───── EXERCISE INPUTS

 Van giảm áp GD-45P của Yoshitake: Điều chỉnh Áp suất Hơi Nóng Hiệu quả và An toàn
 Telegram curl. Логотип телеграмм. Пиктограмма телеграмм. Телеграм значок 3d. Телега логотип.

──────────
───── EXERCISE INPUTS

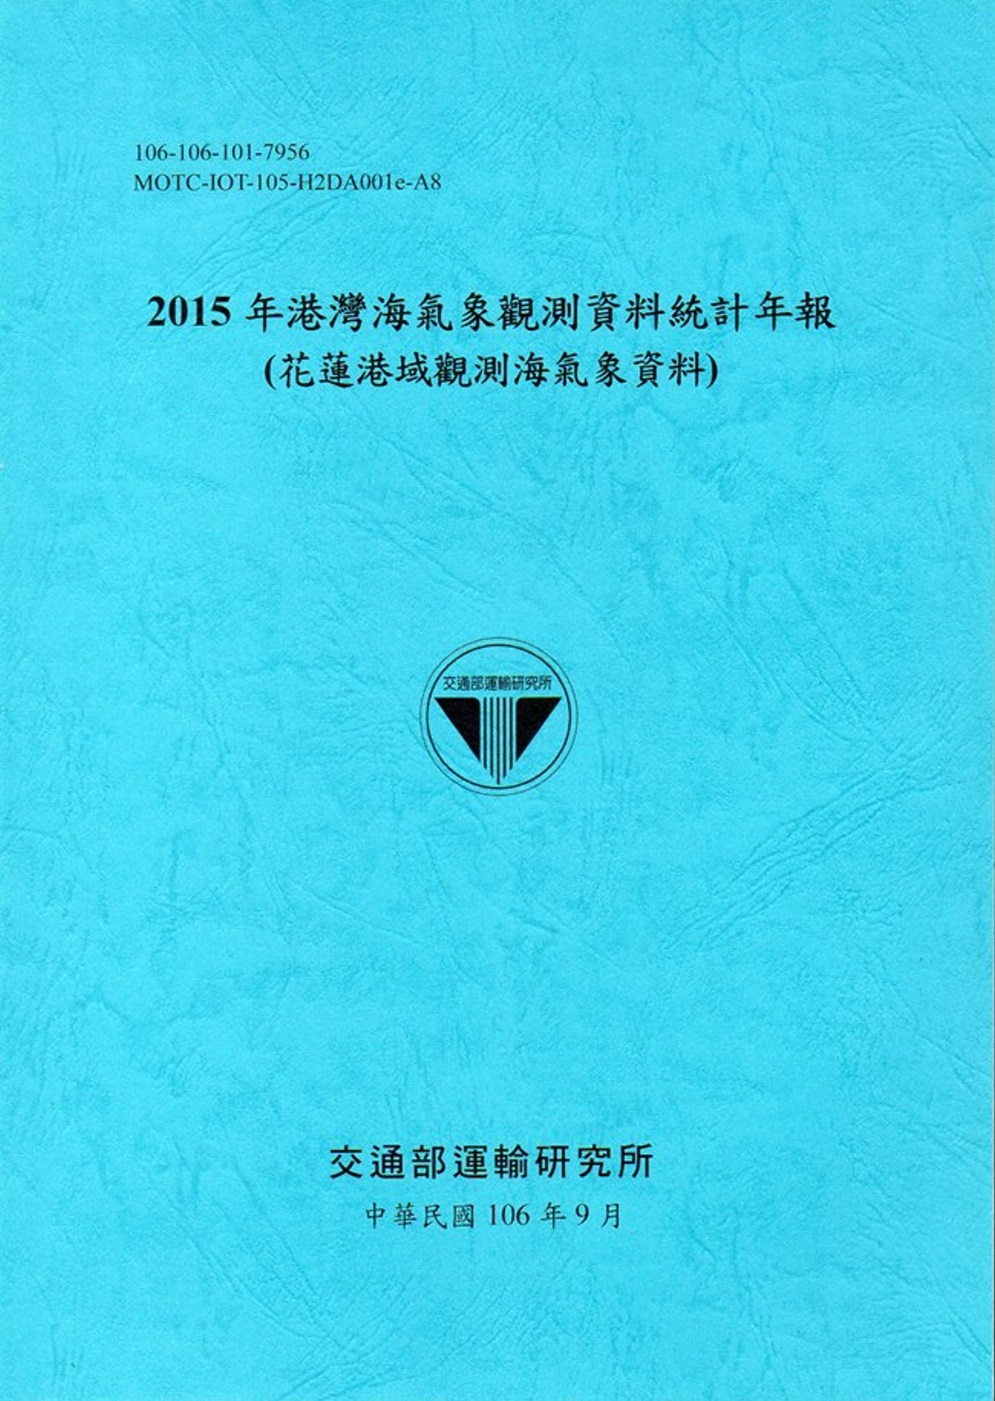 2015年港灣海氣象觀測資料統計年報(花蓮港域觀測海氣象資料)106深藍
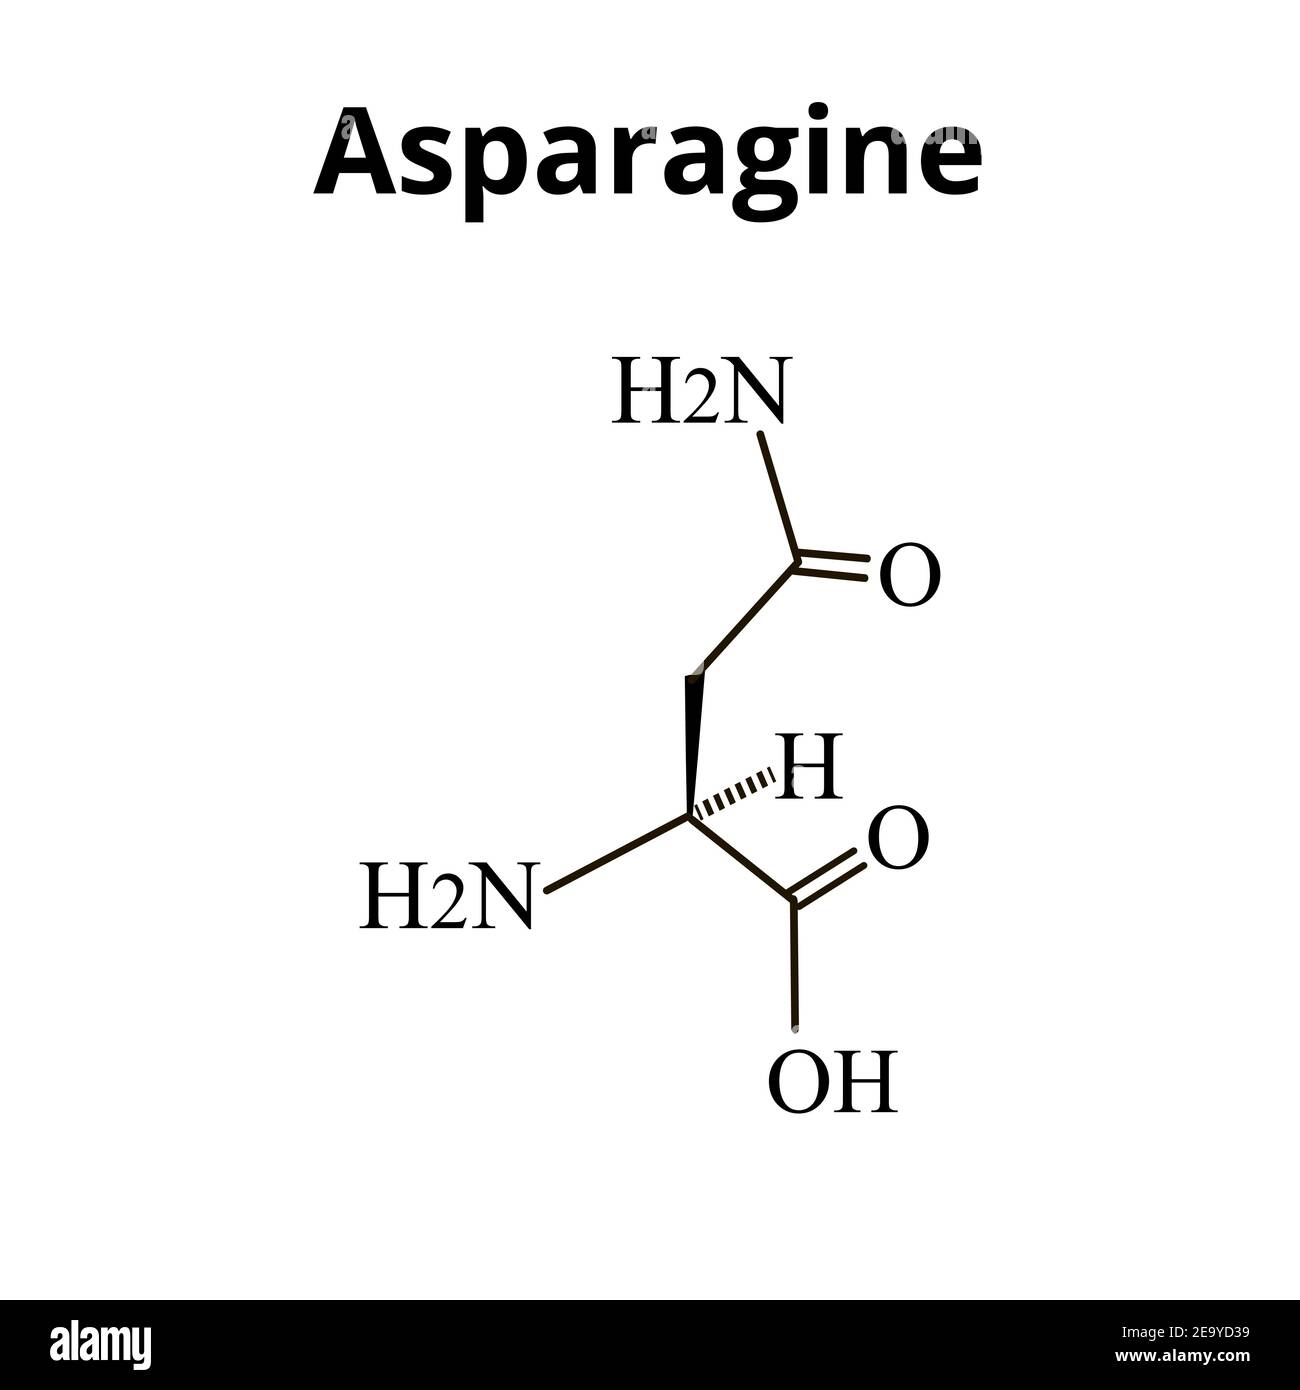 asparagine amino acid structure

──────────
───── EXERCISE INPUTS

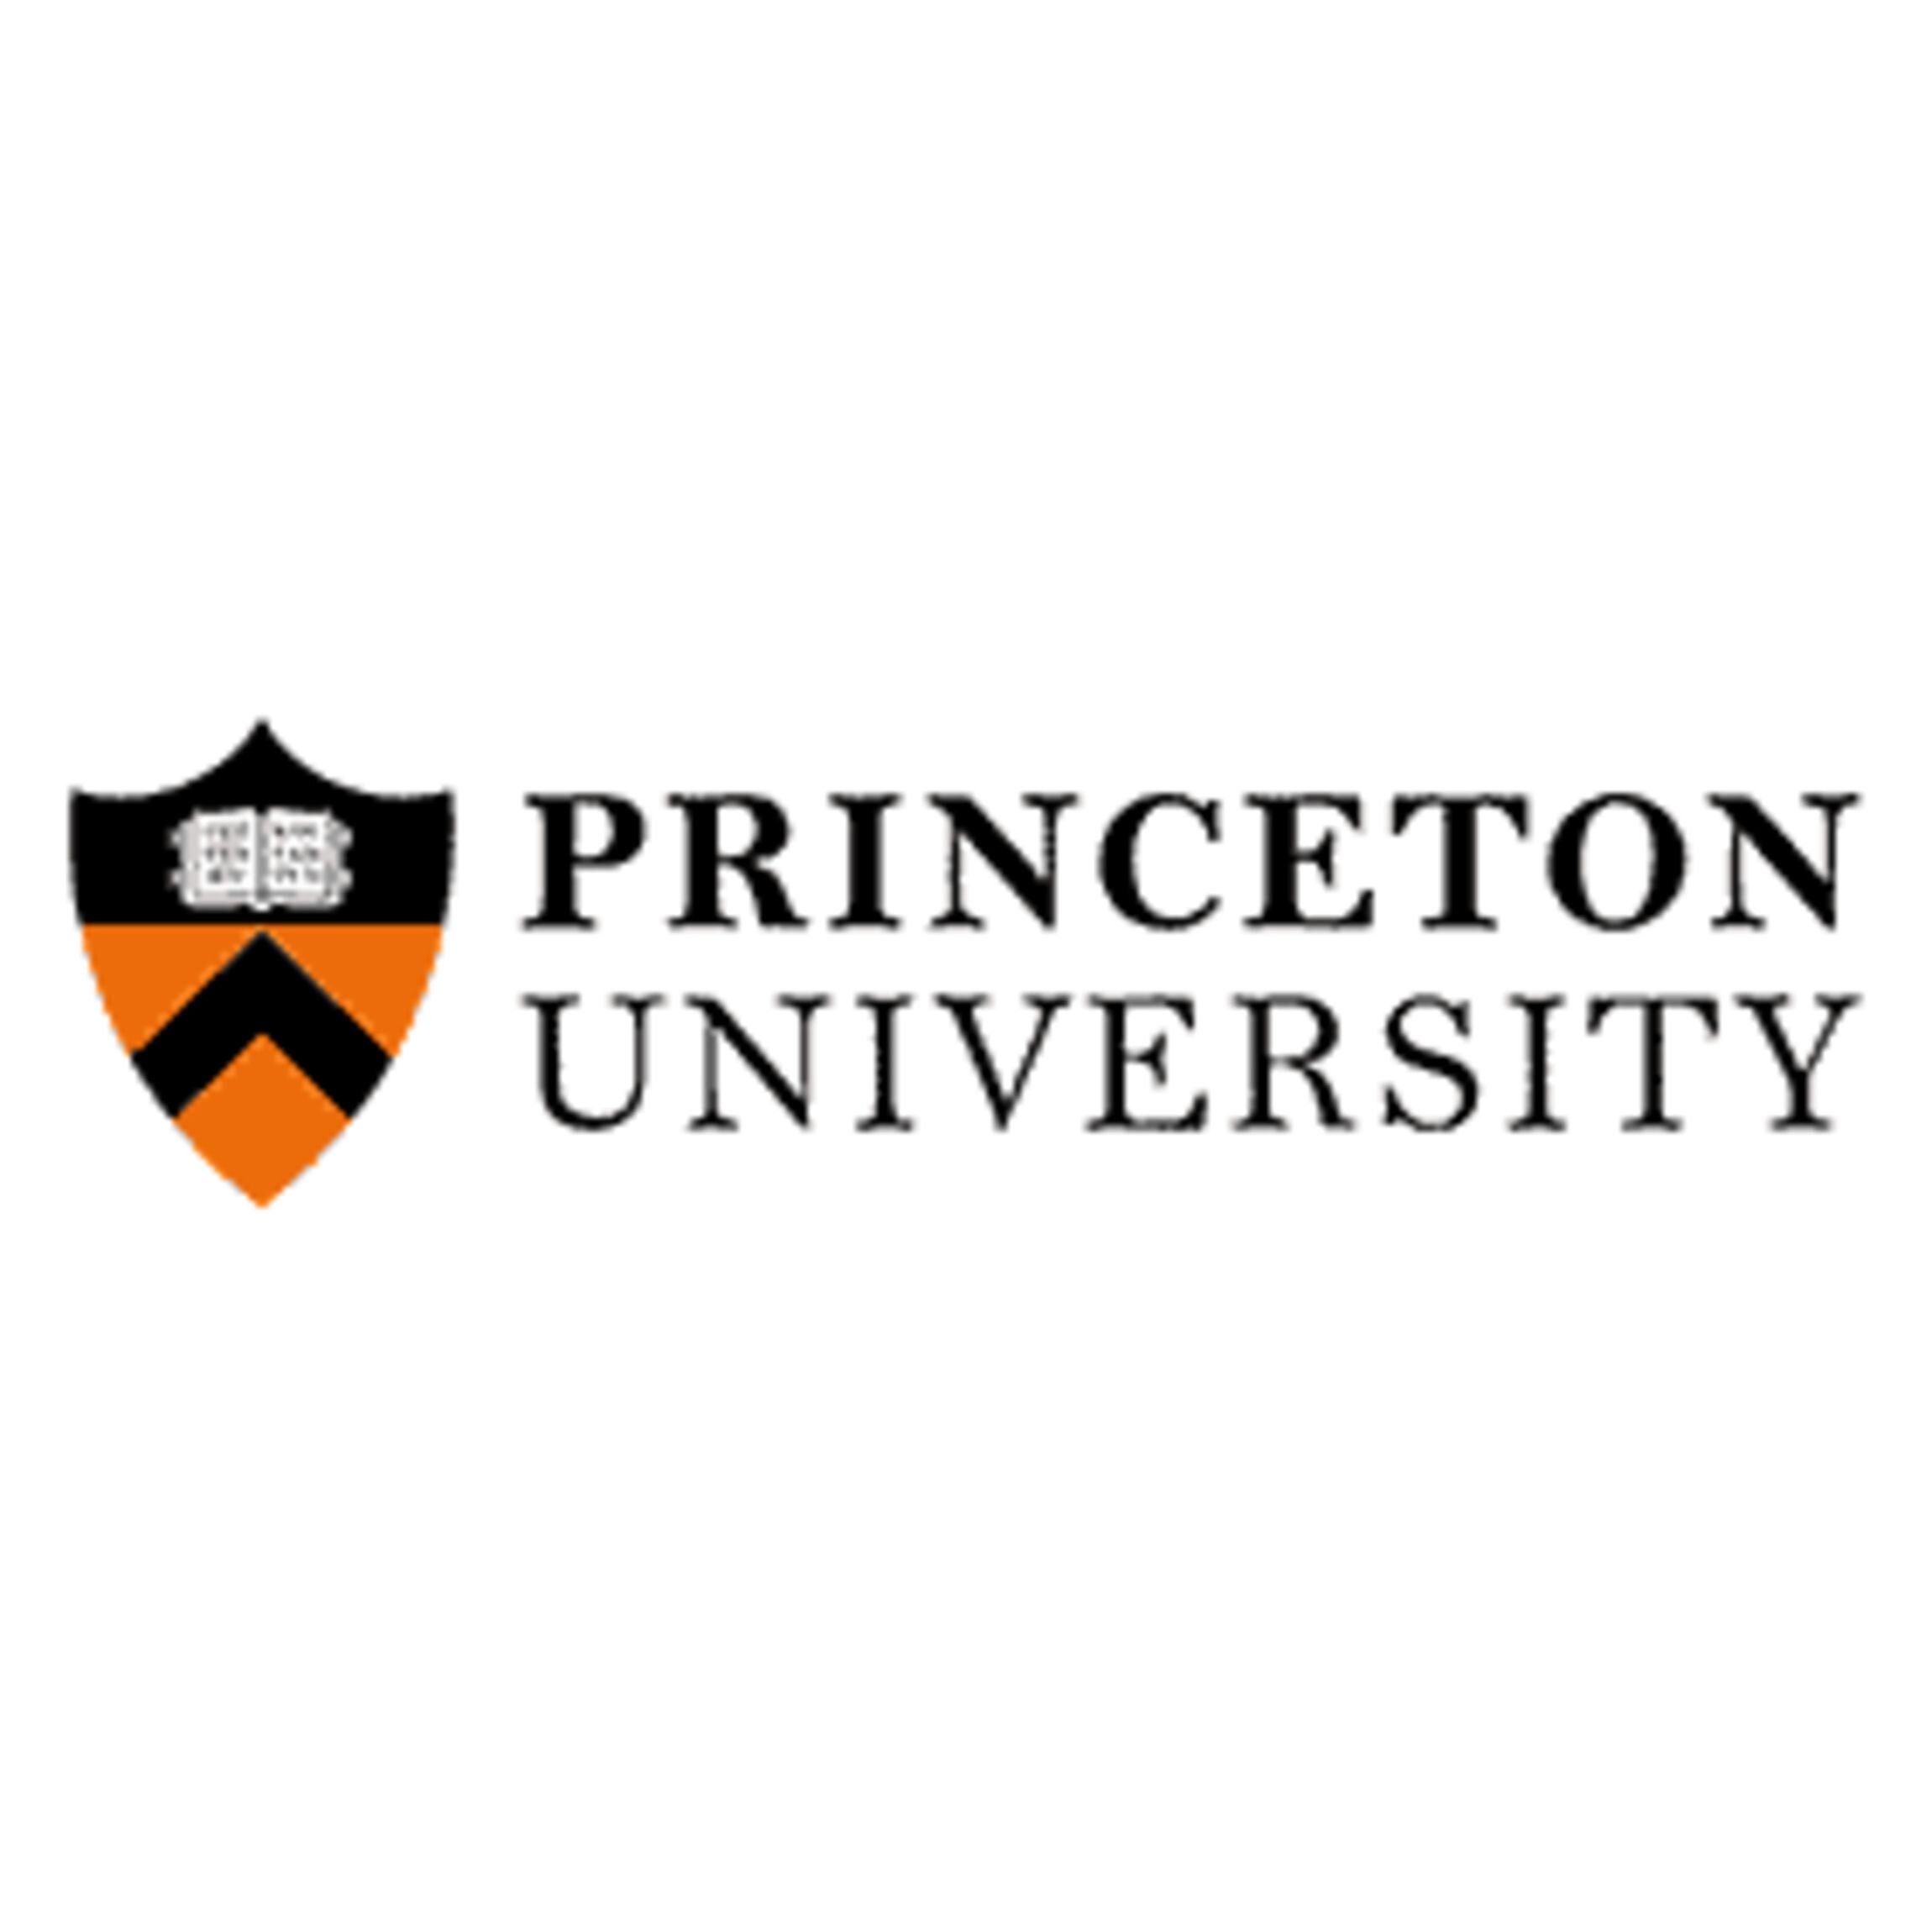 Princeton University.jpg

──────────

(TO DO) Copy out precisely the lines from the line with "Van giảm áp" to the line with "Telegram curl. Логотип" in the material above, including those two lines and omitting all the rest.

(SOLUTION TO THIS TASK)
 Van giảm áp GD-45P của Yoshitake: Điều chỉnh Áp suất Hơi Nóng Hiệu quả và An toàn
 Telegram curl. Логотип телеграмм. Пиктограмма телеграмм. Телеграм значок 3d. Телега логотип.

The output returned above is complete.